More banks than ever have disaster plans.

With all the hurricanes, floods, and earthquakes in the past three years, regulators have made disaster recovery an important compliance issue.

Next week, comment letters are due at the Treasury Department on how effective the federal banking agencies have been in the recent disasters. The department must produce a final report for Congress by next Feb. 12.

Under the Depository Institutions Disaster Relief Act of 1992, agencies can temporarily waive certain regulations if it would help banks recover. For example, an agency could make exceptions to appraisal rules or Truth-in-Lending requirements.

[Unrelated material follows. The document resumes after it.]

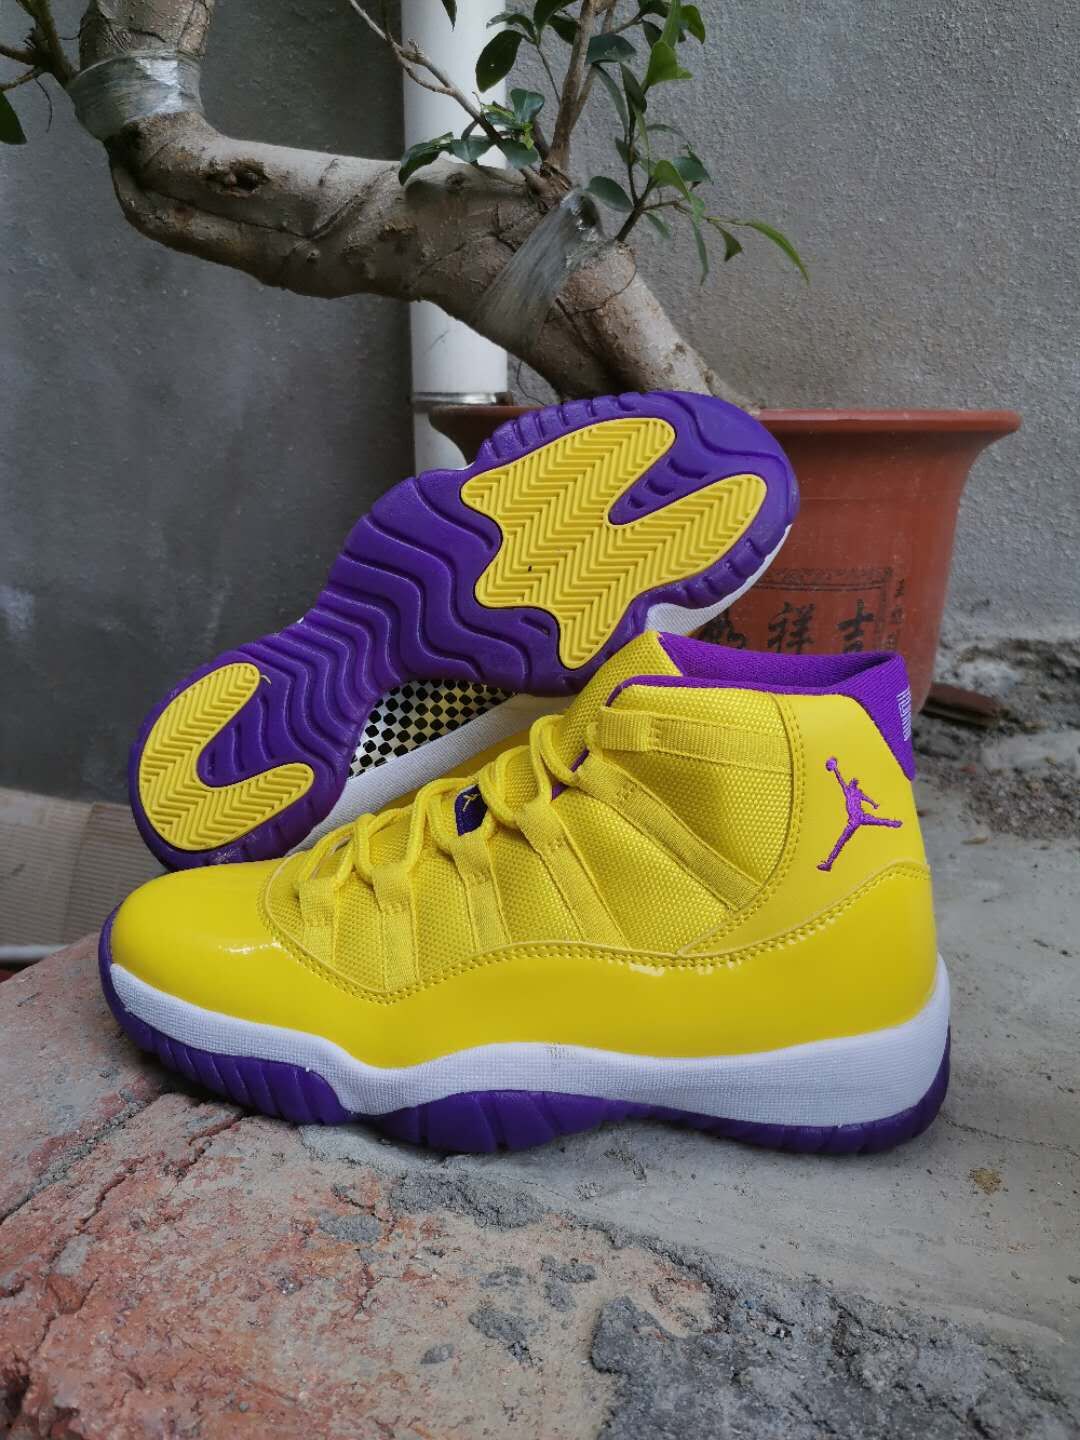 2020 Air Jordan 11 Kobe Yellow Purple Shoes

Since 1989, regulators have required banks to have a disaster recovery plan in place. Agencies said then that banks were lax in creating contingency plans, a factor that could threaten their safety and soundness.

But with the recent spate of disasters and examiners emphasizing recovery plans, more banks than ever have disaster strategies. And many institutions have turned to outside vendors for help.

Recovery plans focus on how to get the bank back into operating condition after a tire, flood, robbery, or other disaster. They are also designed to minimize loss, such as a plan to protect equipment or files.

Plans typically set up a chain of command, and include contact lists of customers and employees and maps of evacuation areas, all in advance of any problem.

Charles Gottas, chief executive of Systematic Savings, Springfield, Mo., said that when a disaster hits, "You're not going to have time to figure out who's going to do what."

In the past two years, Mr. Gottas' institution has experienced a robbery hostage situation and severe ice and water damage. He credits his plan, which he designed with the help of a guide published by St. Paul Fire and Marine Insurance Co., with getting the bank back to business.

Disaster recovery guides and computer software to help banks plan ahead are in greater demand then ever.

In the past two years, St. Paul Fire and Marine has sold 4,000 copies of its guide to banks. Recovery Management Inc., Littleton, Mass., has seen its disaster software company boom in the past few years. It now has 1,500 clients, 30% of which are banks.

Mark Avery, vice president of Recovery Management, said that when he started the company in 1982, he had to explain to banks what a disaster recovery plan was and why they would need it.

"Now, they need it not only because it is prudent, but because it is required," he said.

Business started picking up with the First Interstate Bank fire six years ago, then came Hurricane Andrew and the bombing of the World Trade Center. Recovery Management's clients now include Barnett Bank, Pittsburgh National Bank, and Boatmen's Bancshares.

Robert Driesch, loss control manager at St. Paul, said banks are better at disaster recovery planning than his other clients, which include hospitals and museums. St. Paul produces separate guides for different businesses.

"Bankers have a more proactive approach than other industries," Mr. Driesch said. "We no longer have to convince them it's a smart thing to do." However, not every bank is up to speed, said Mr. Avery of Recovery Management. One reason is that examiners are not known for strict enforcement of the requirement, he said.

"They are not going to close a bank because it doesn't have a contingency plan," Mr. Avery said.

Some bankers still point to a three-ring binder on a shelf as evidence of a plan when regulators come in, he said. "It's possible to fake out examiners," Mr. Avery said.

Dean Debuck, a spokesman for the Comptroller's office, said examiners ride the line between insisting banks have a viable plan in place and being realistic about the risk level of smaller banks. "We have to balance the cost and the risk," Mr. Debuck said.

The agency has 63 examiners, out of a total 2,500, who spend most of their time on disaster recovery, he said. The newest trend both Mr. Gottas and Mr. Avery have noticed is that examiners are now asking for practice demonstrations of disaster recovery plans.

One important thing to remember, said Mr. Avery, is to update the plan. Many banks that had workable plans have simply let them become outdated, he said.

Mr. Driesch also said it,s vital to keep a plan current. "Once you have it, test it," he said. "It's still a process."